Sé que la tierra os condenó y que a duras penas andamos rastreando huellas de mujer por demasiados caminos y veredas que han sido hollados por abarcas, alpargatas y botas delicadas. Y que jamás podremos devolver la identidad a las golondrinas humanas del Roncal que cruzaban el Pirineo en otoño hacia Maule y retornaban en primavera, como aquellas a las que imitaban en su vuelo estacional. «Hoa egan», tradujo Uxue Alberdi los versos de la argentina Alfonsina Storni.

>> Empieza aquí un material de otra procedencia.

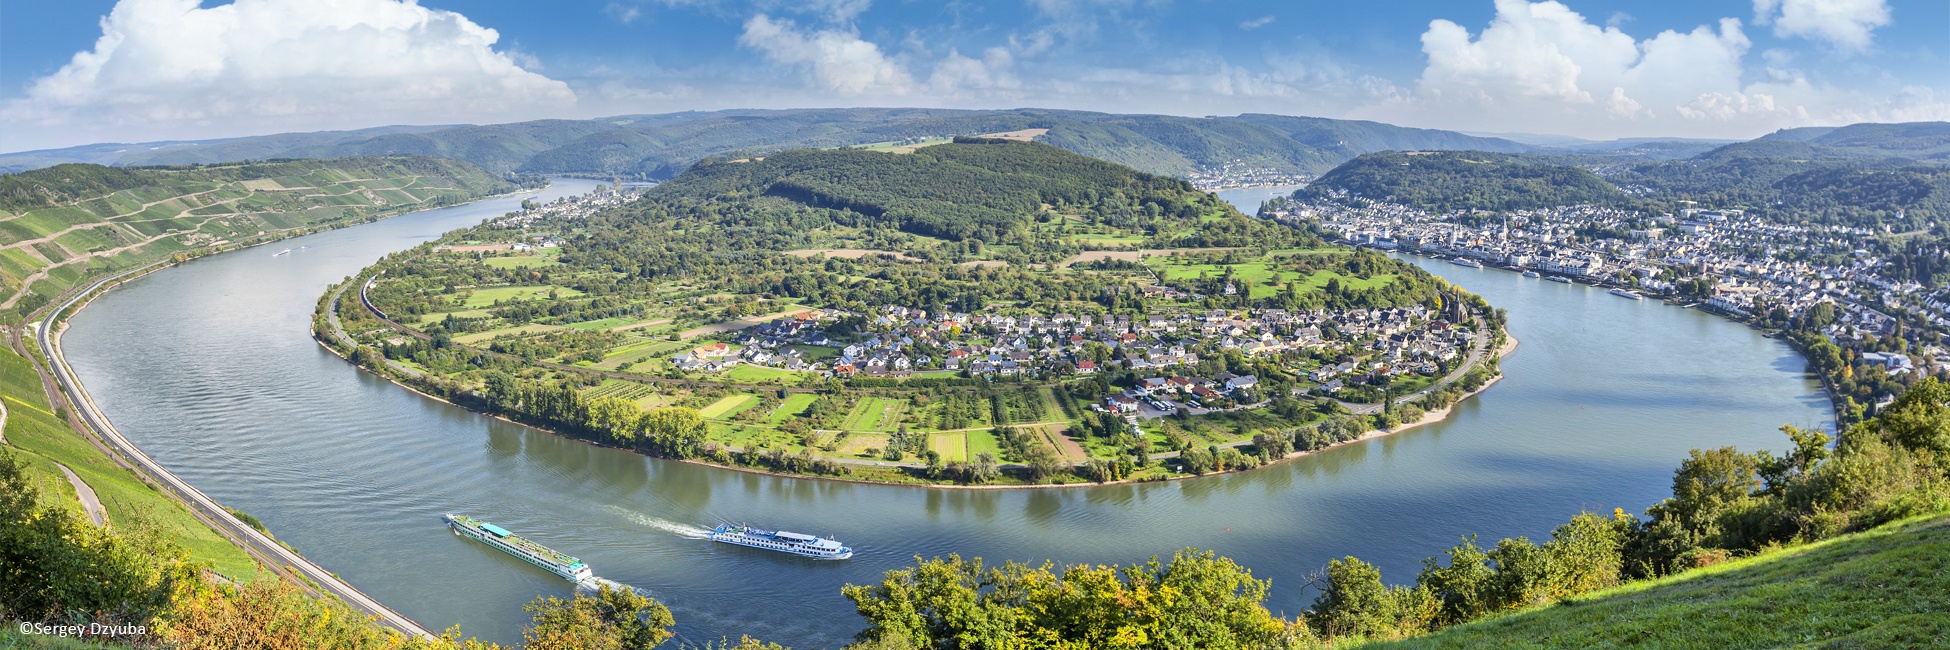 RSB_RANPP - Ruta de los 4 ríos: los valles del Mosela, del Sarre, del romántico Rin y del Neckar

Intuyo, porque el hambre es imposible imaginarlo sin haberlo sufrido, vuestro desasosiego, cuando en esa huida hacia el abismo, la armada vasca que había sido diezmada en las alturas de Sollube, Jata, Sabigain, Bizkargi y Artxanda, intentasteis asaltar la Harino Panadera de Bilbo, un nefasto 19 de junio de 1937. Pan. Pan para nuestros hijos. Y una compañía del Itxasalde, encargada de mantener el «orden público», os enfrentó a tiros, cuando ellos también habían sufrido las bombas de los pájaros de hierro facciosos. ¿Cómo descifrar vuestros nombres, vuestra angustia reventada cuando apenas sois una línea de prensa, oculta bajo signos bélicos de victoria o de derrota, de indulto o de venganza?

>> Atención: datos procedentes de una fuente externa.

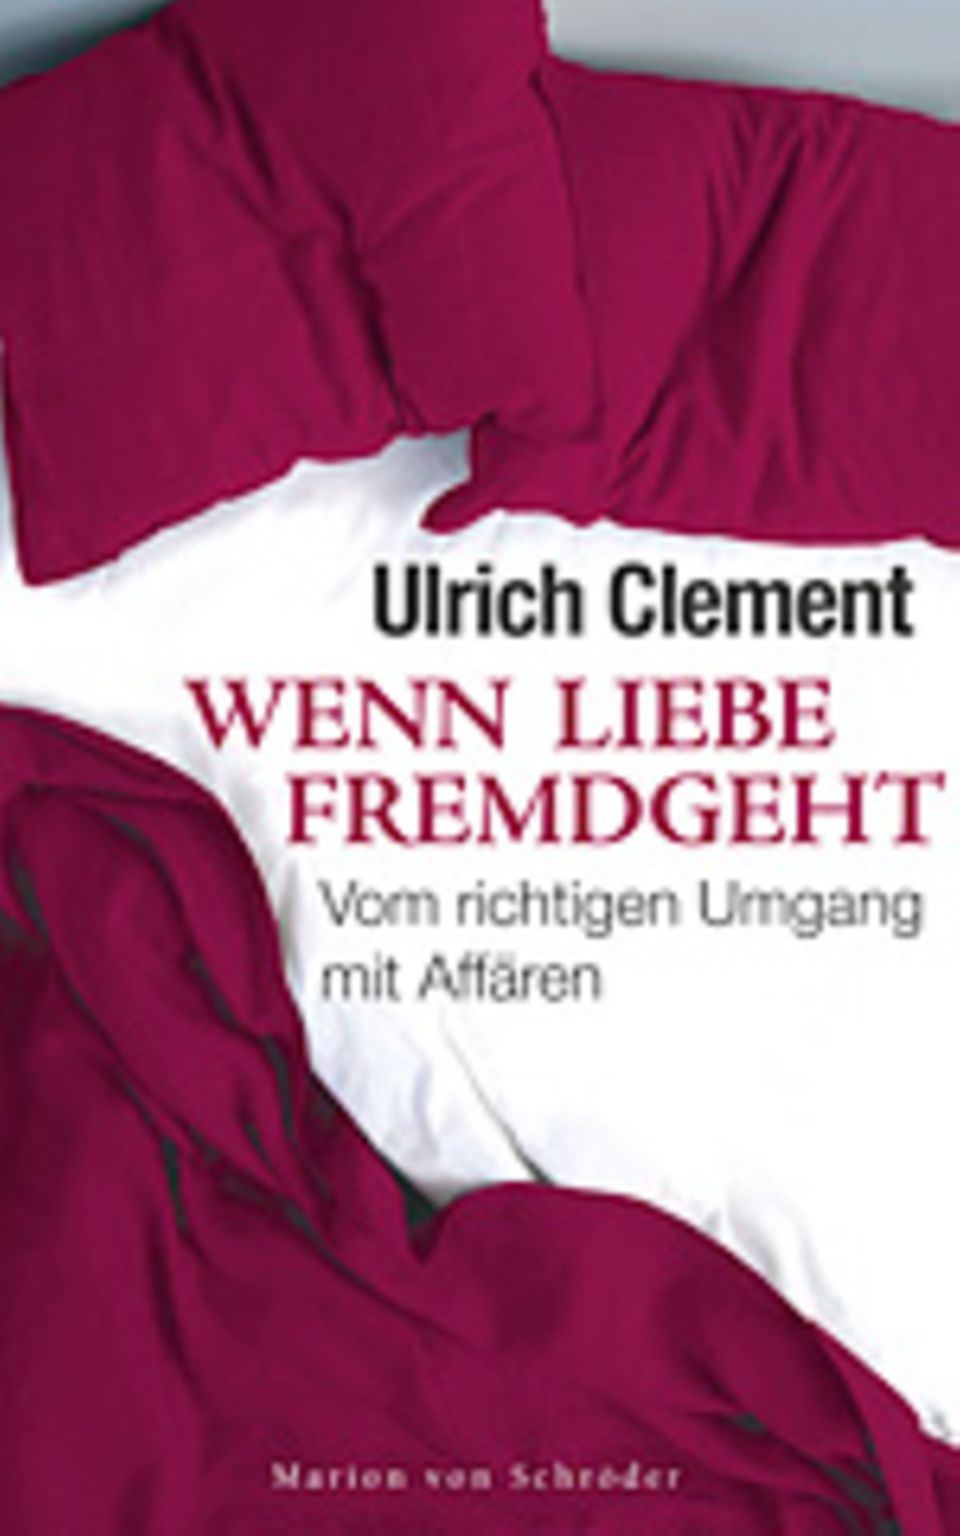 Ulrich Clement: "Einen Seitensprung nicht persönlich nehmen"

Y vosotras, las del lavadero del mineral de Galdames. ¿Dónde escondieron las letras de vuestros nombres? Cuando los criaderos de hierro comenzaron a agotarse, se explotaron los minerales anteriormente desechados. Había que alargar hasta el infinito el negocio. Los detritus formados por hierro mezclado con arcilla y rocas, exigían un proceso de lavado para la separación de lo que tenía «valor». Esta labor la llevaban a cabo mujeres, como Victoria Pellicer (me he permitido extraer tu nombre como recuerdo a tus compañeras), mal vistas, mal pagadas.

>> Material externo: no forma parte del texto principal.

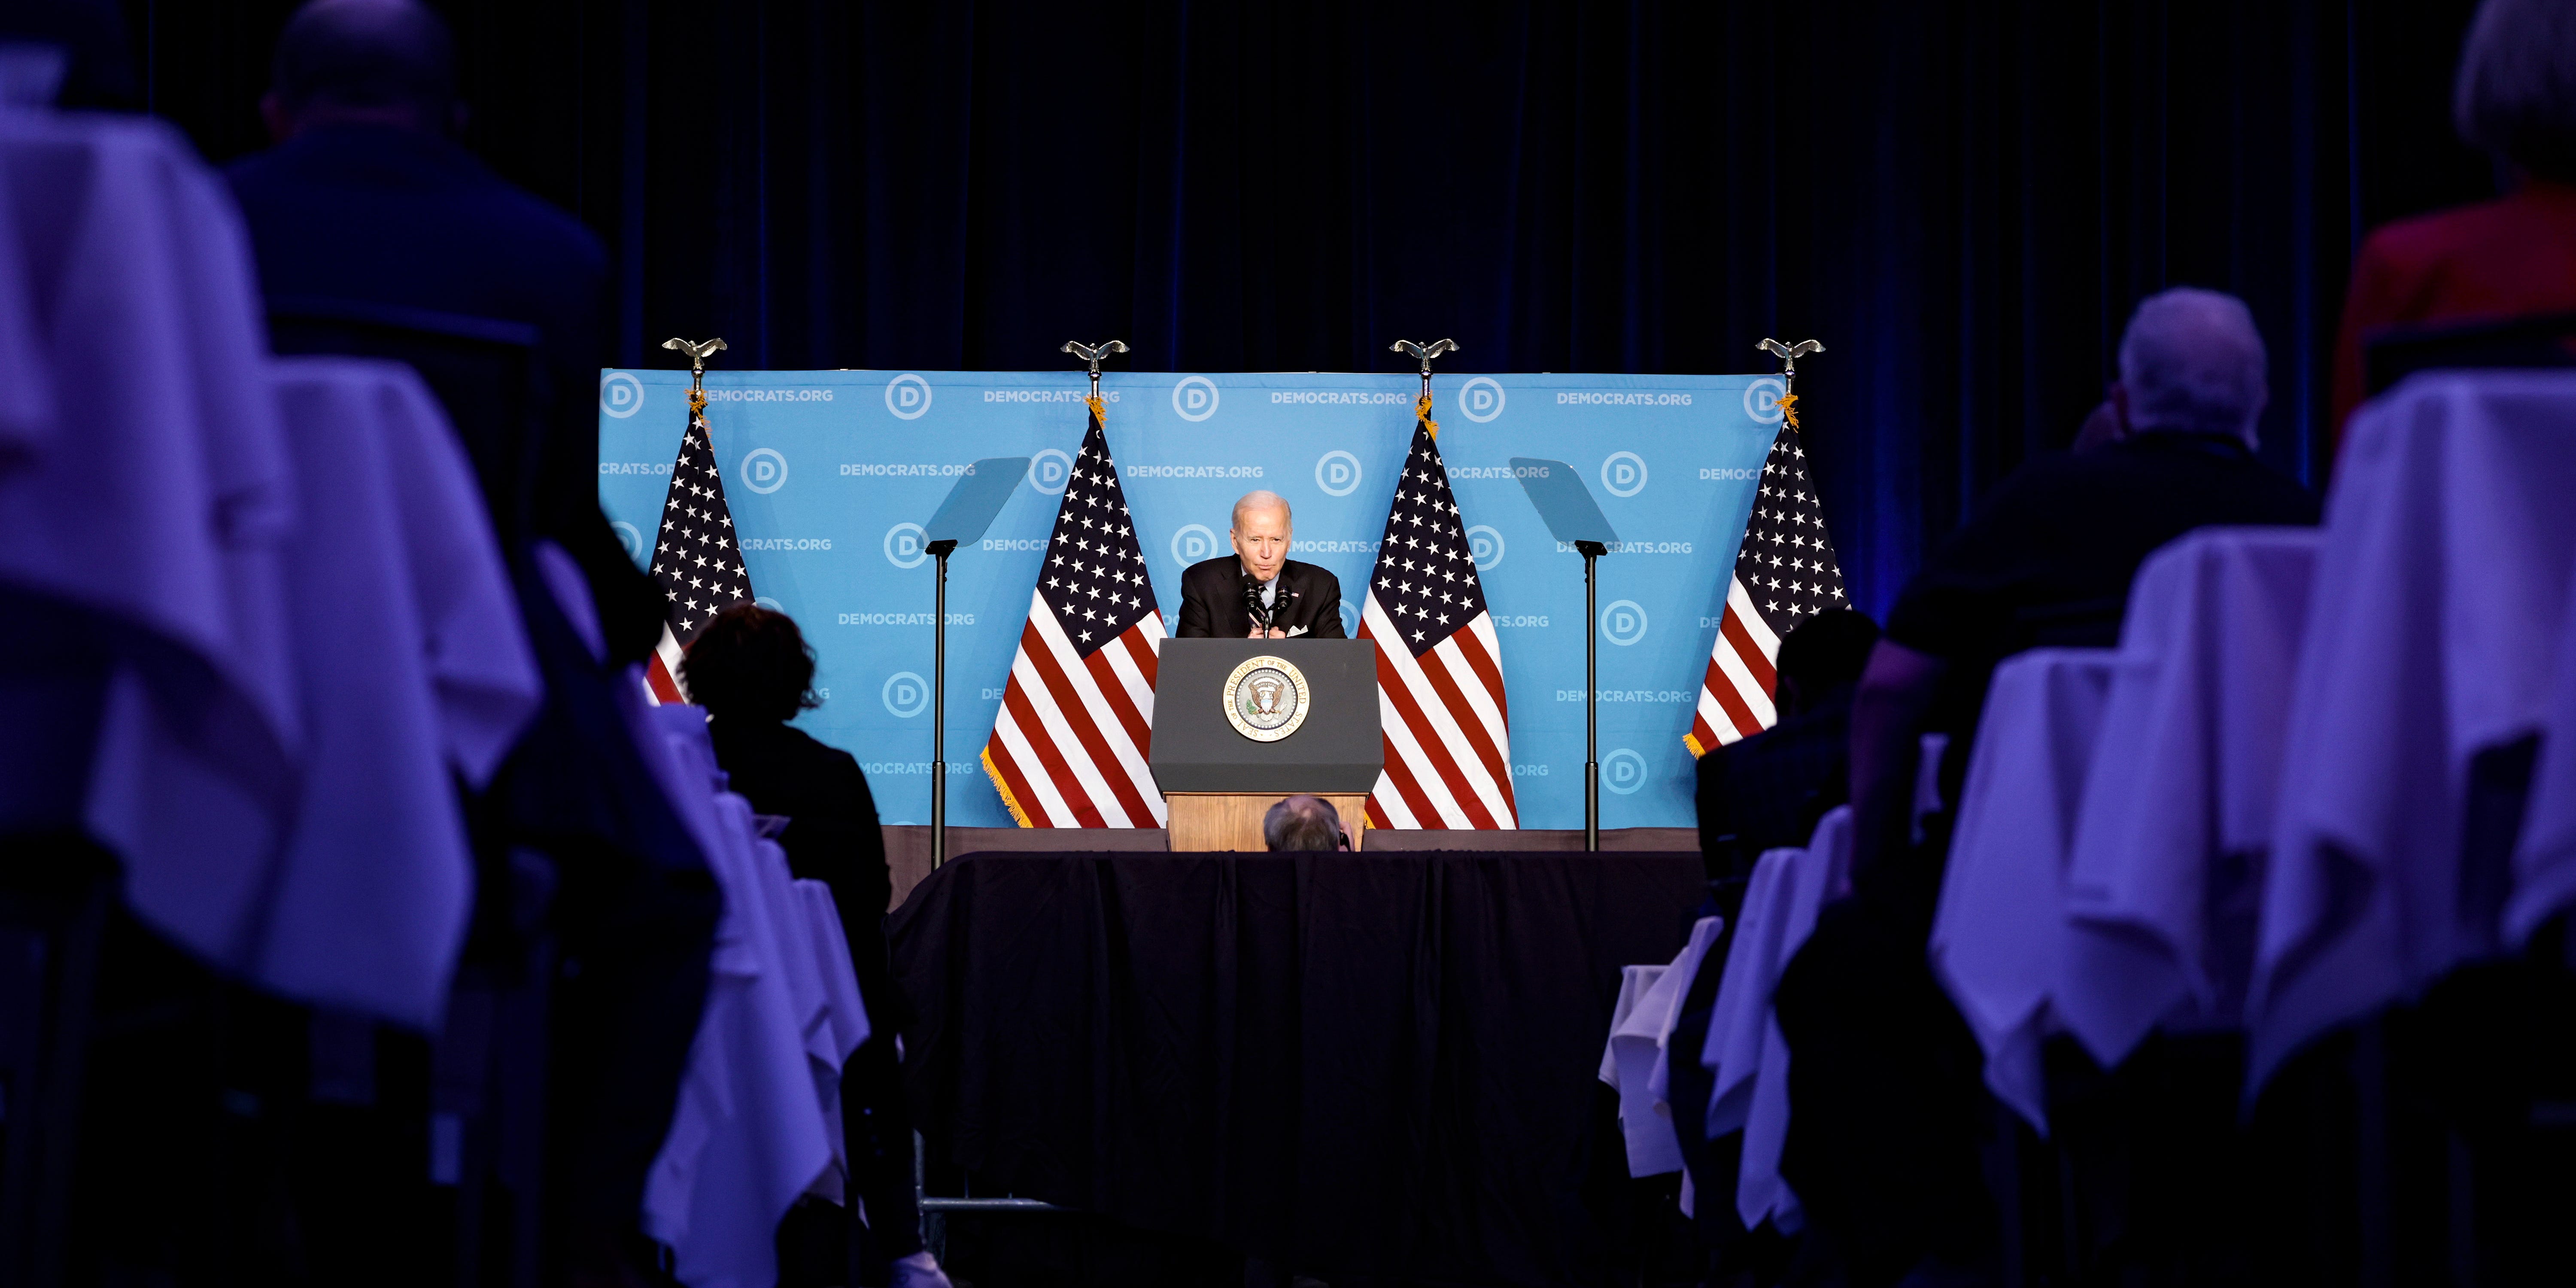 Präsident Joe Biden ist auf der Bühne zu sehen und spricht in einem Ballsaal des Hotels mit Mitgliedern des DNC.

Ana Abizkiza Amalorrenteria, ondarrutarra. ¿Quién talló las tres aes de tus iniciales en ese conflicto hoy casi olvidado que llevó a Castilla a conquistar Navarra? ¿Qué hacía una mujer en una guerra de hombres? ¿Cómo fueron tus heridas en aquella escaramuza de la que no supiste huir? ¿Por qué tu nombre no selló los libros de historia? ¿Quizás porque tu sangre no era noble, como la de los Albret o la de Margarita de Angulema?

Cada vez que recuerdo tu aliento, se me humedece el semblante, Nicolasa. En tu ficha leí tus apellidos, Aguirrezabala Amuchastegui, de Mutriku. Un sacerdote te atendió antes de ser ejecutada y gracias a su testimonio en Zaragoza, conocimos tu tragedia: «¡Qué lejos me han traído para matarme!», repetías una y otra vez. Lejos de Euskal Herria. «Ella continuaba llorando y exclamando: ‘¡Ay ama, qué lejos estás!...’. Y pronunciaba esta frase y otras semejantes con tanta expresión de dolor y de ternura, que las lágrimas se me venían a los ojos», leí de la pluma del sacerdote. Nicolasa fue ejecutada por un pelotón compuesto por ocho soldados una mañana de 1938.

¿Y tu juventud?, Madalena Larralde. Apenas 15 años, guillotinada en Donibane Lohizune porque los revolucionarios de París, los que cambiaron el nombre de nuestros pueblos y barrios, no sabían pronunciarlos, los mismos que secuestraron al lobo y a la luna de los títulos en euskara de los meses del calendario por otros como Floreal, Termidor, Brumario, te habían descubierto espía. Tu delito, escribir en una lengua de bárbaros, vascuence, desde tu refugio en Bera, al sur del Bidasoa.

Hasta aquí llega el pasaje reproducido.